The problem faced by remote supply post mix users is that apart from constant vigilance and the fact that a product ran out at the dispensing apparatus, there is no information of existent (BIB) stock levels provided.

A solution was to monitor the product level in all BIBs and raise an alarm when the level was low. While this is effective in a broad sense, there was an absence of flexibility in prior art systems to accommodate different pump sizes, BIB size and configuration. There is a need for not just an alarm where the user can check the overall installation, but a system tool which looked after the installation and the level of stock and inventory control in greater detail and at a more sophisticated

level.

OBJECT OF THE INVENTION

It is an object of the present invention to seek to ameliorate some of the

disadvantages of the prior art or to at least provide the public with a useful choice.

STATEMENT OF THE INVENTION

According to one aspect, the invention resides in a monitoring system for

monitoring gas operated fluid delivery pumps including in combination a flow and/or

pressure activated signalling means, the signalling means adapted to respond to a

difference in pressure and/or flow to or from a gas operated delivery pump wherein

in operation the pressure and/or flow associated with each pumping cycle activates

the signalling means to produce a signal such that the total volume and flow rate of

fluid delivered by the pump can be determined from the number and frequency of the

signals recorded.

Preferably the signalling means is an airflow or pressure sensitive electrical

switch device adapted to complete an electrical circuit when exposed to a flow of gas

or a pressure differential.

In the alternative, the signalling means can be a mechanical marking means

adapted to mark a moving graph when exposed to a flow of gas or a pressure

differential.

Preferably the gas flow and/or pressure is from the exhaust outlet of the

delivery pump.

If there are more than one pump, preferably, the gas flow from the exhaust

outlets of the pumps are vented to the atmosphere through one outlet. Less preferably or in the alternative, the gas flow and/or pressure is of the gas supply to the inlet of the pump.

Preferably there is recording means adapted to record the number of times the signalling means is activated by the gas flow. Preferably the recording means is a microprocessor recording means.

Preferably the recording means is coupled to indicating means adapted to indicate when a predetermined number of signals has been recorded.

Preferably the indicating means is a visual indicating means such as a flashing light or light emitting diode (LED). In addition or in the alternative, the indicating means can be audible indicating means such as beeper that issues a beeping noise.

Preferably the signalling means and/or the recording means can be remotely monitored by either a cable connection or alternatively a wireless system.

Preferably the fluid delivered by the pump is syrup concentrate for use in a beverage post-mix system.

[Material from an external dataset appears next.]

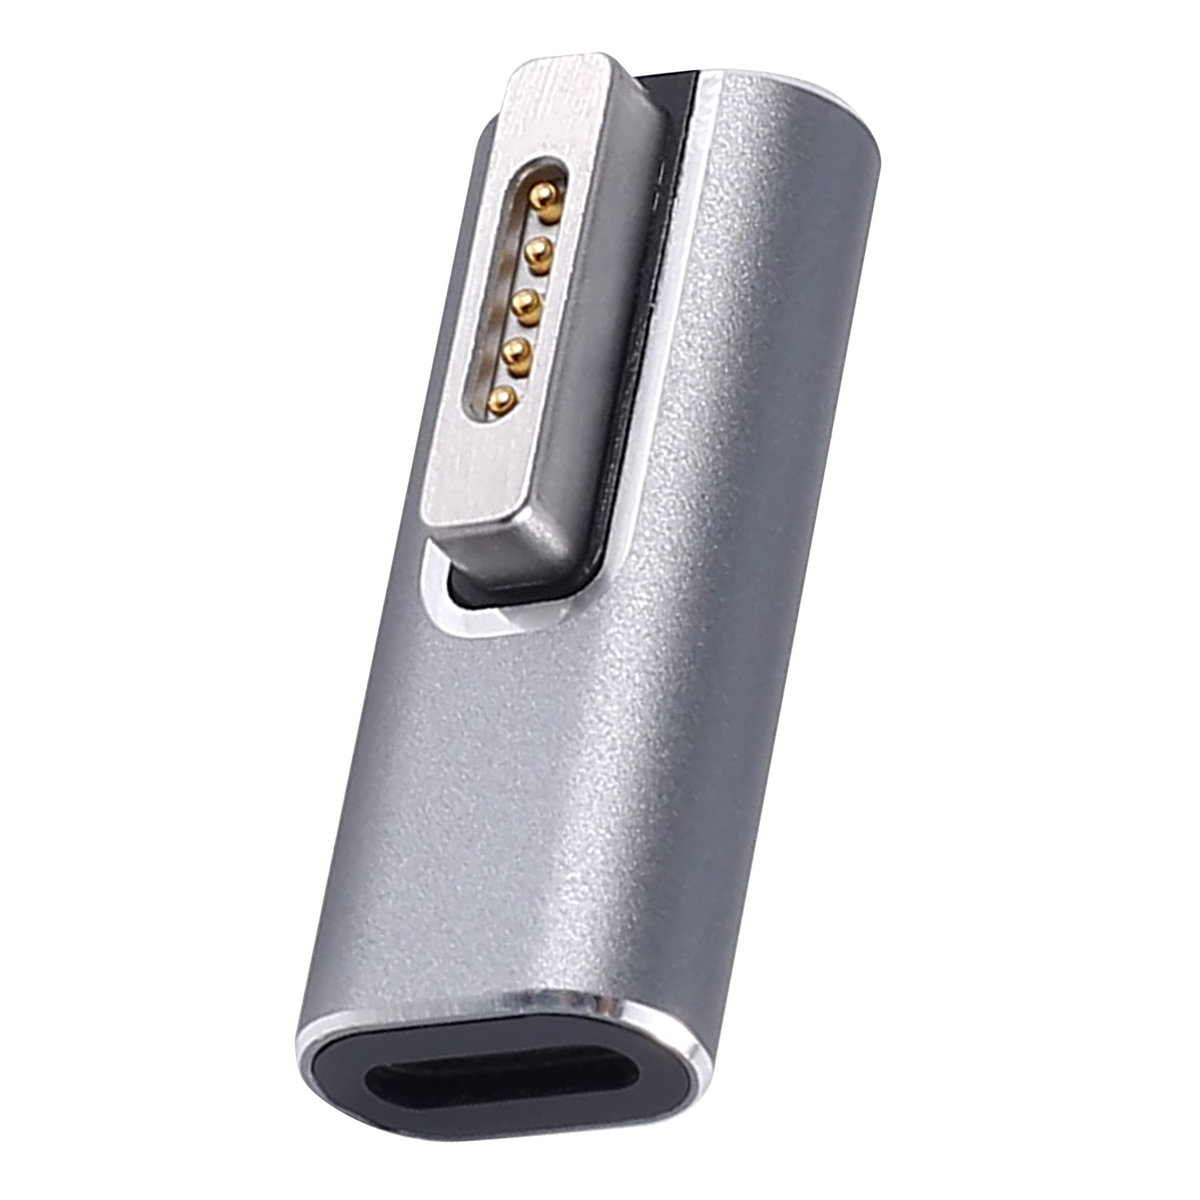 Przejściówka do MacBooka MagSafe 2 do zasilania z USB-C, kompaktowa, srebrna

In an improved version, the monitoring system described hereinabove is connected to a computer system wherein signals from the signalling means or information from the microprocessor recording means is used in combination with other information communicated to the computer by a user via a user interface means, the other information inclusive of pump volume size, bag-in-box (BIB) size, use by date, usage amount, reorder amount, reorder tolerance, time and date, pump interval time, wherein in operation, the information and other information can be processed by the computer to provide stock control information and provide instructions concerning the monitoring system to the user via the user interface means. Preferably the user interface means includes interactive display means

comprising a series of display screens on a computer monitor that guides the user in

communicating information to the computer.

Preferably the instructions provided by the user interface means via the

display screens includes informing the user of any fault in any part of the monitoring

system and how to rectify the fault.

Preferably stock control information processed by the computer can be used

to order stock at a reorder amount.

Preferably the computer system is connected to a supplier's computerised

supply system wherein depleted stock can be reordered automatically when reorder

tolerances for reorder amounts are reached.

Preferably the connection between the computer system and the supplier's

computerised supply system is via the Internet or a localised telecommunications

network, for example, a local area network (LAN).

BRIEF DESCRIPTION OF THE DRAWINGS

In order that the invention be more readily understood and put into practical

effect, reference will now be made to the accompanying illustrations wherein:

Figure 1 is a scheme of a preferred embodiment of the invention according to Example 1 ;

Figure 2 is a drawing of a preferred signalling means according to the invention;

Figure 3 is a perspective drawing of the invention according to Example 1 ;

Figures 4a and 4b show exploded detail of exhaust and inlet gas operated

signalling means according to the invention; and Figure 5 shows a scheme of a preferable improvement to the invention according to Example 2.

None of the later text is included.